## Source data
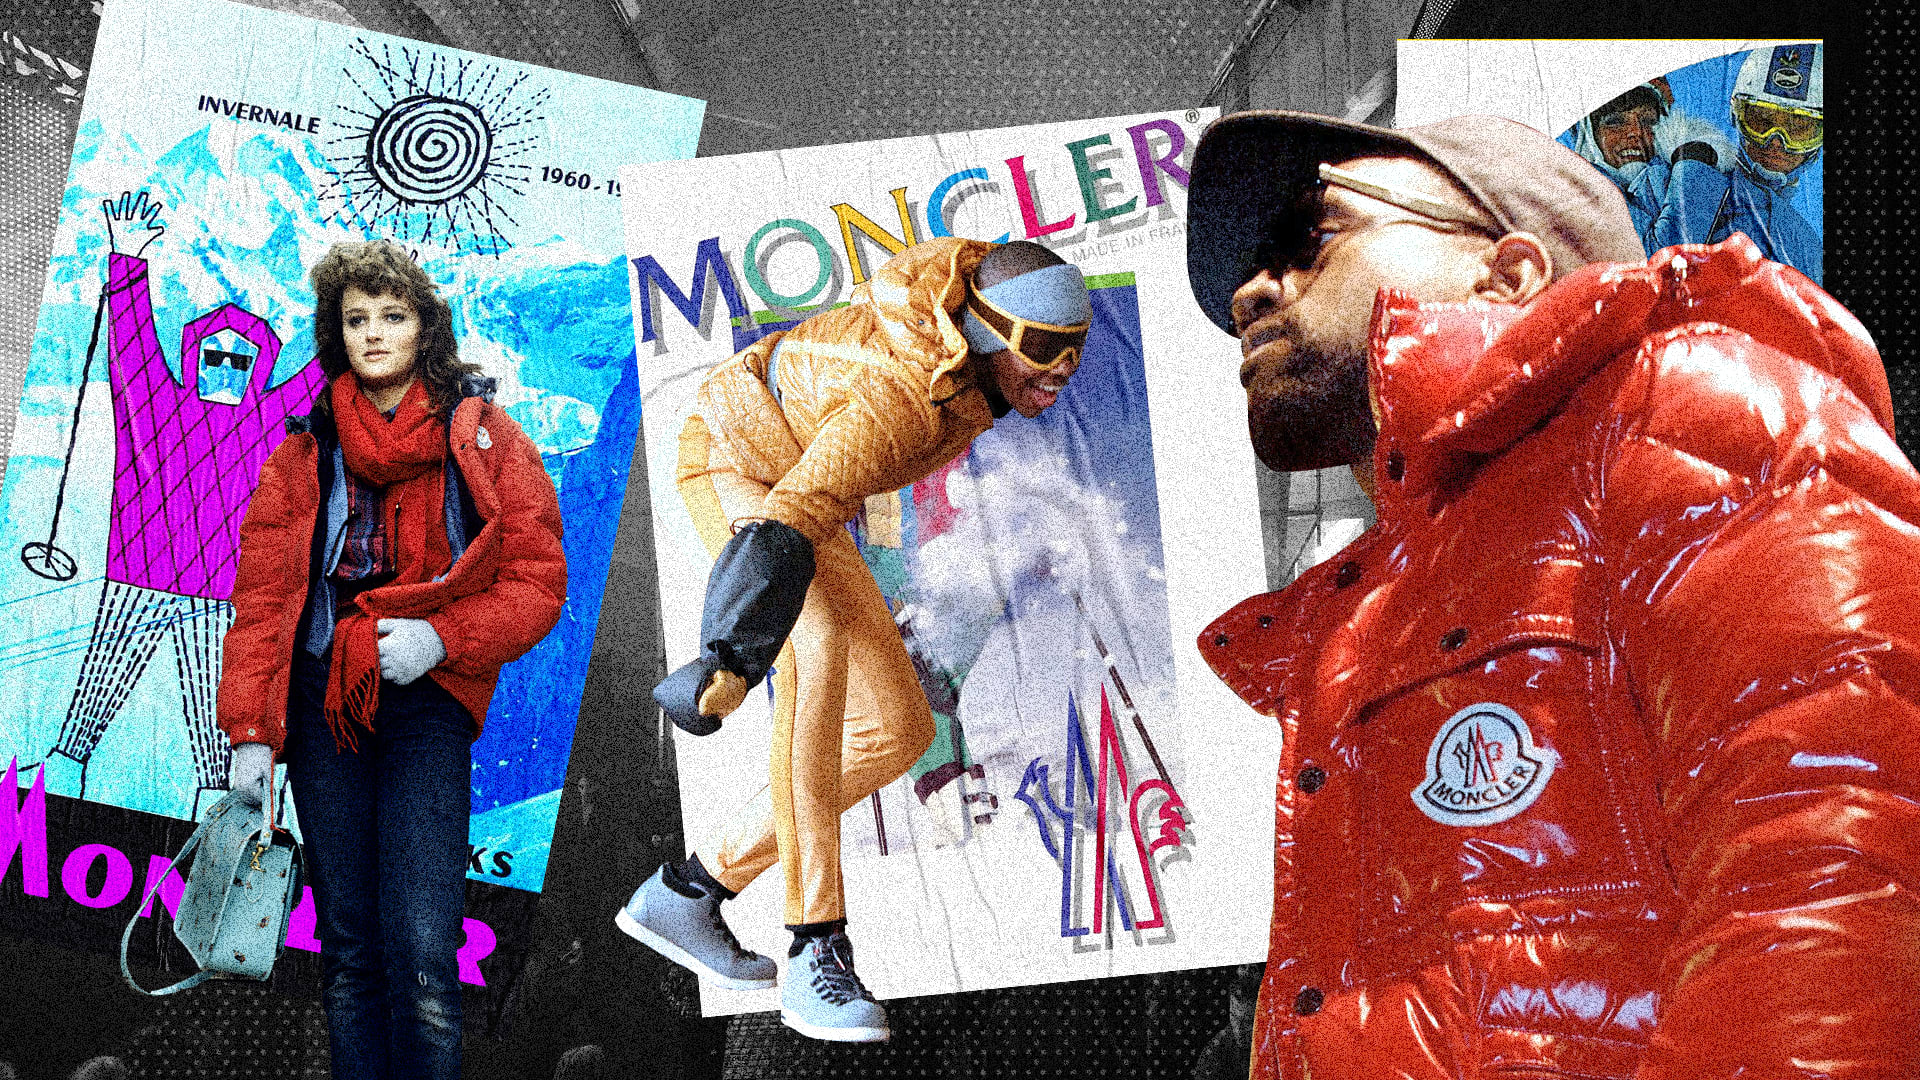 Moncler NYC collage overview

--

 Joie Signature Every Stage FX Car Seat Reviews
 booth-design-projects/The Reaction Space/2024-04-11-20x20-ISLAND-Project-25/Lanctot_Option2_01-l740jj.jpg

==

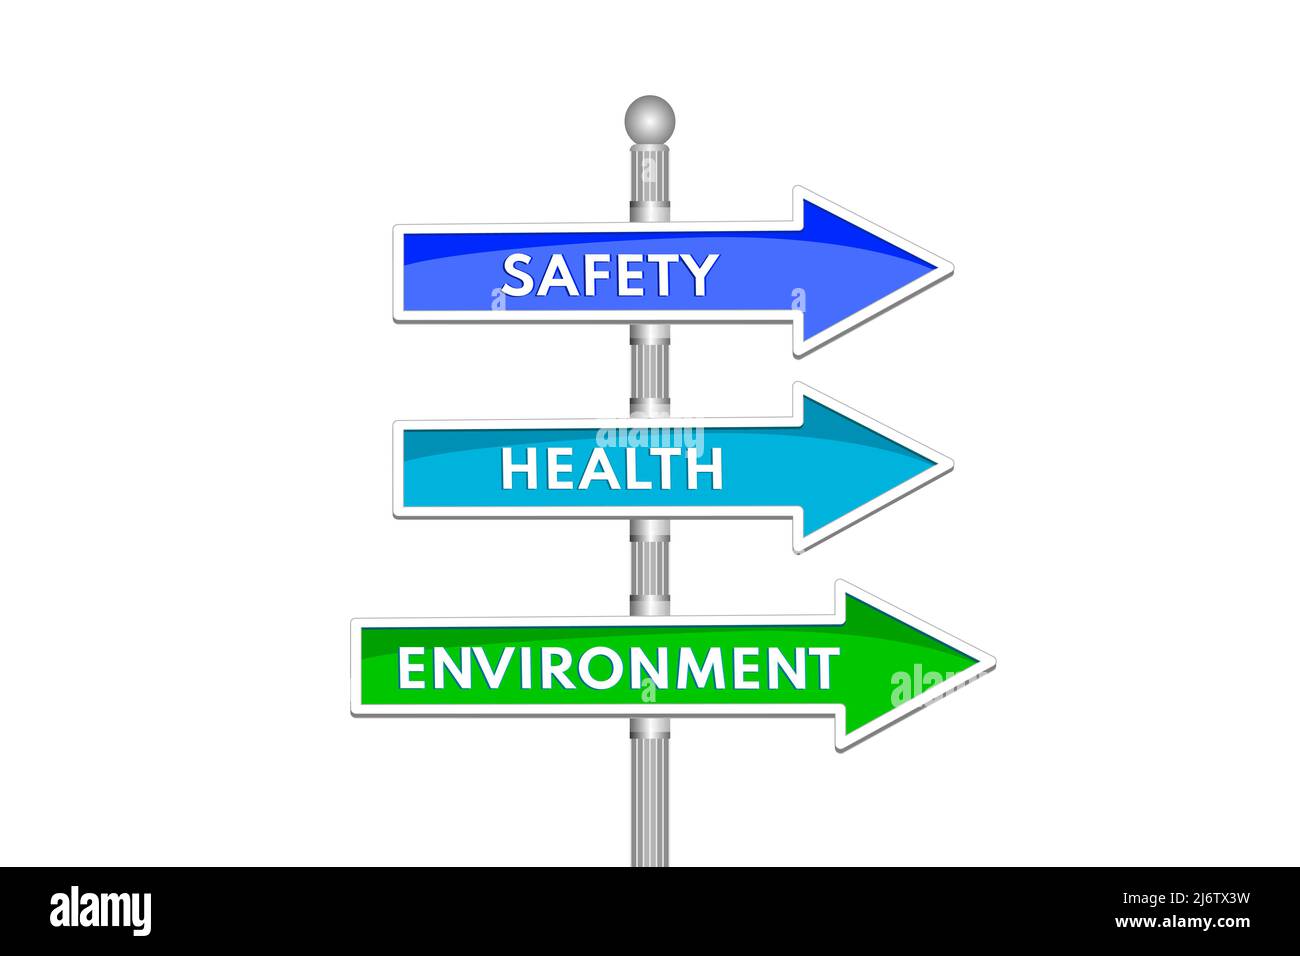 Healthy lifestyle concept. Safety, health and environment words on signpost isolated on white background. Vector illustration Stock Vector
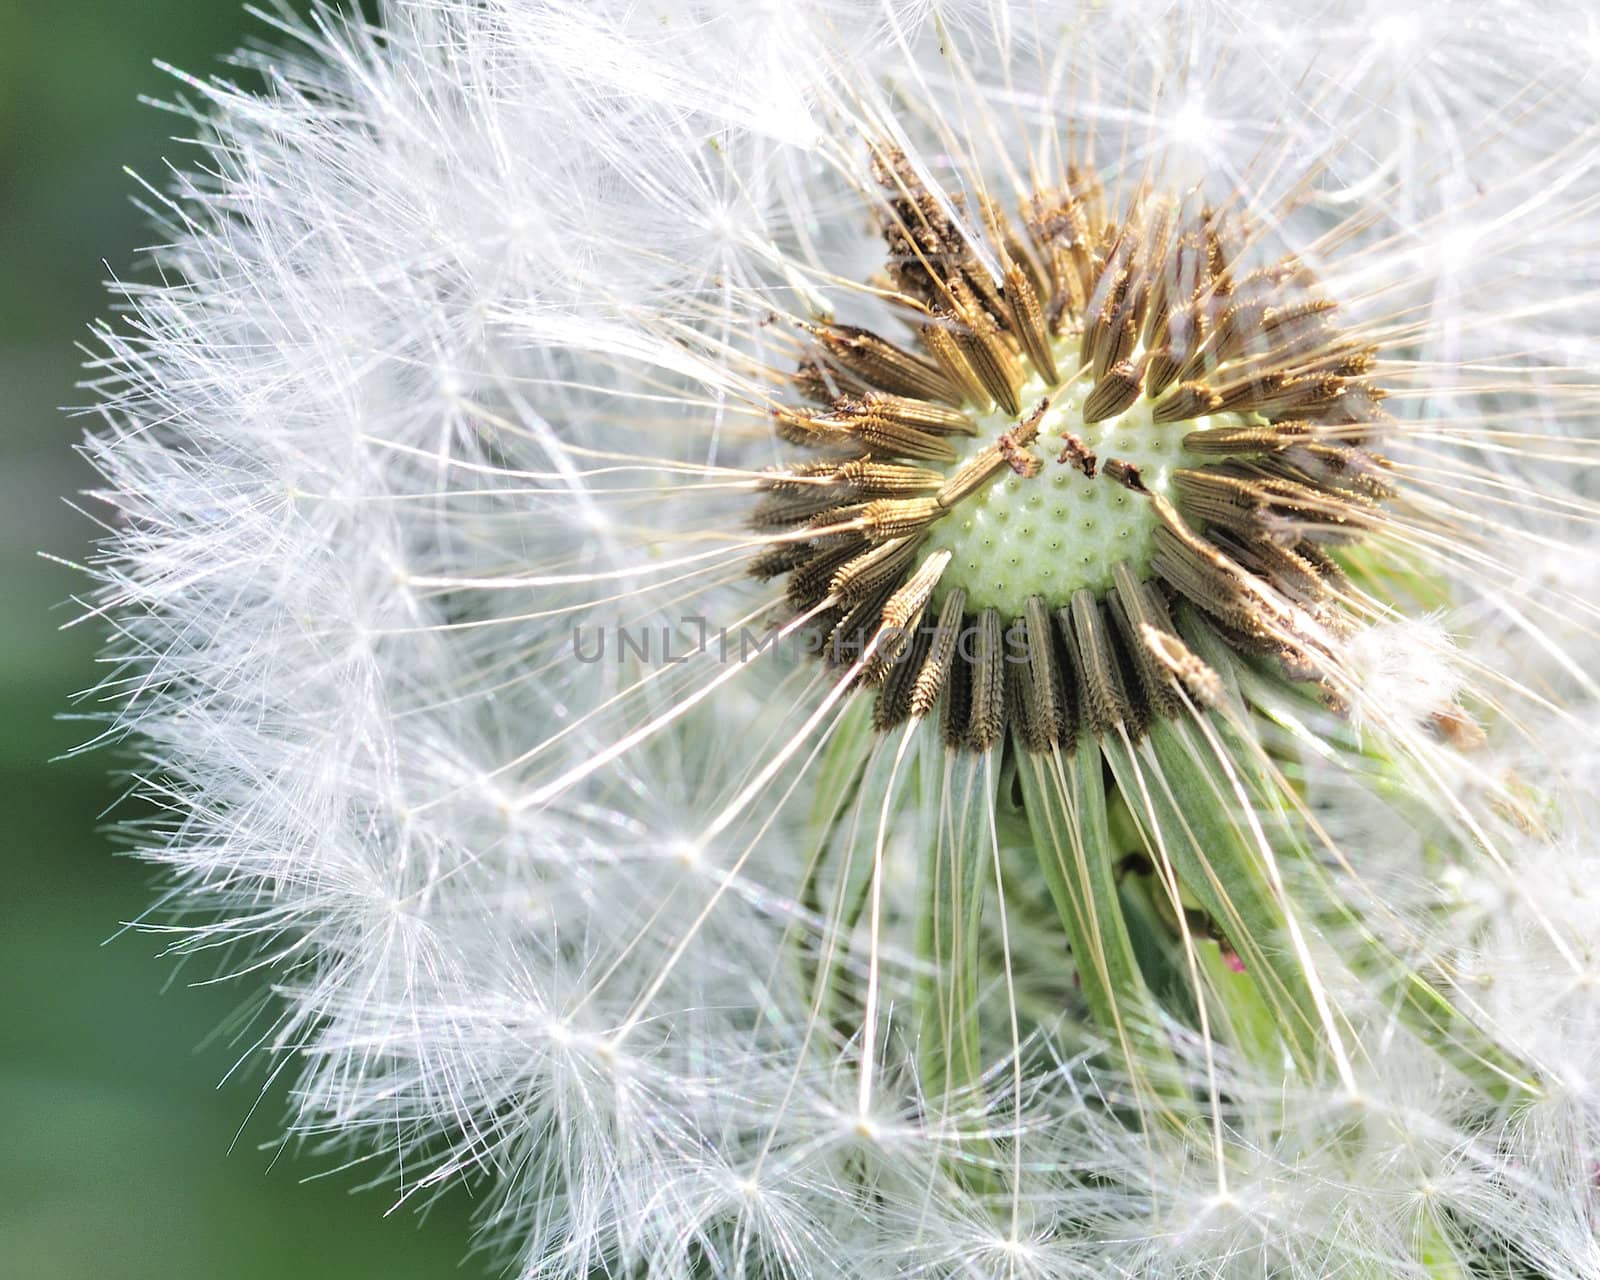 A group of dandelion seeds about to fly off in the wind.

## About this exercise
Above are some records; extract exactly the lines from the one containing "Healthy lifestyle concept." through the one containing "A group of dandelion" and drop the pictures.

## Exercise answer
 Healthy lifestyle concept. Safety, health and environment words on signpost isolated on white background. Vector illustration Stock Vector
 A group of dandelion seeds about to fly off in the wind.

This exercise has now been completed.